RealTime-ECommerce-Analytics (RTEA) is a high-performance, scalable solution for processing and analyzing e-commerce clickstream data in real-time. It handles data from both mobile and web sources, processes up to 50,000 messages per second, and generates valuable metrics for business intelligence.
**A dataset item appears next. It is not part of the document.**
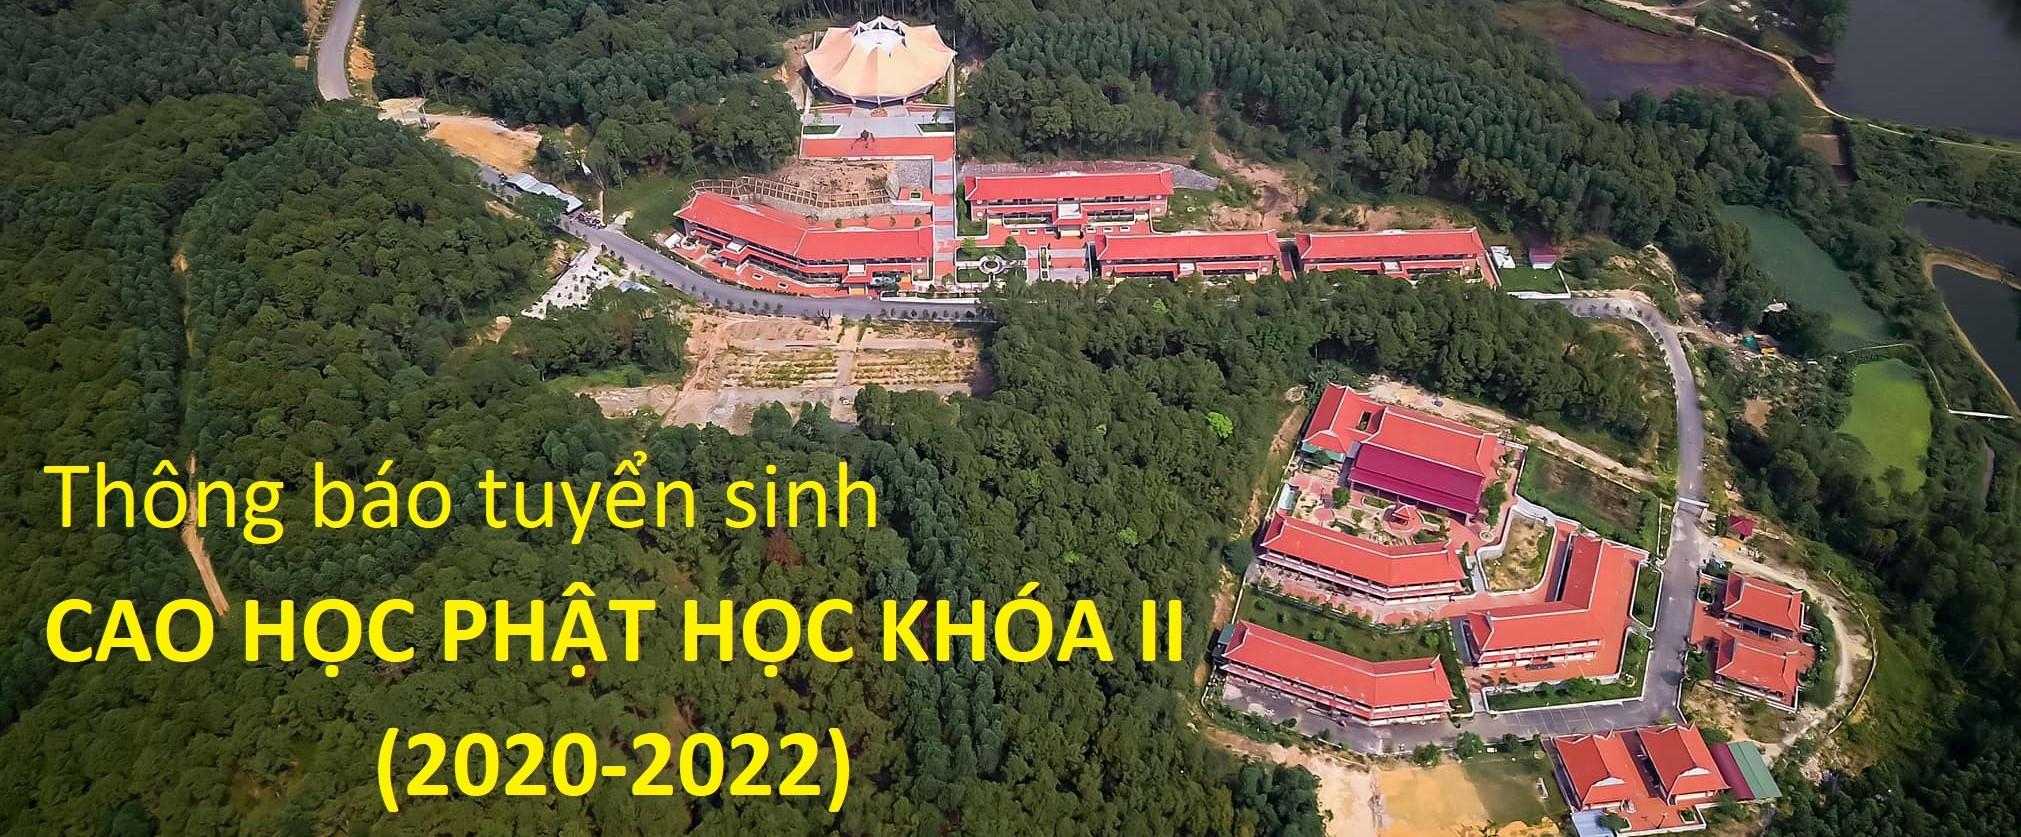 Thông báo tuyển sinh Cao học Phật học khóa II (2020-2022)

The project uses Apache Kafka for data ingestion, Apache Flink for stream processing, and Google BigQuery for storing the computed metrics.

Features

  • High-volume data generation simulating realistic e-commerce clickstream events
  • Real-time data processing with Apache Flink
  • Multi-source data handling (mobile app and website)
  • Scalable architecture capable of processing 50k messages per second
  • Key e-commerce metrics computation:
    • Event counts by type and source
    • Revenue by product category
    • Unique visitor counts
  • Seamless integration with Google BigQuery for metric storage and further analysis

Prerequisites

  • Python 3.7+
  • Apache Kafka
  • Apache Flink 1.15.0
  • Google Cloud account with BigQuery enabled
  • Java 8 or 11 (for running Flink)

Installation

  1. Clone the repository:

    git clone https://github.com/yourusername/RealTime-ECommerce-Analytics.git
    cd RealTime-ECommerce-Analytics
    
  2. Install the required Python packages:

    pip install kafka-python pyflink google-cloud-bigquery
    
  3. Download the following JAR files and place them in a jars directory in the project root:

    • flink-sql-connector-kafka-1.15.0.jar
    • flink-connector-jdbc-1.15.0.jar
    • google-cloud-bigquery-1.27.0.jar
    • slf4j-api-1.7.30.jar
    • slf4j-log4j12-1.7.30.jar
  4. Set up Google Cloud credentials for BigQuery access:

    export GOOGLE_APPLICATION_CREDENTIALS="/path/to/your/service-account-file.json"
    

Configuration

  1. Update the Kafka broker address in both ecommerce_data_generator.py and pyflink_ecommerce_analysis.py if different from localhost:9092.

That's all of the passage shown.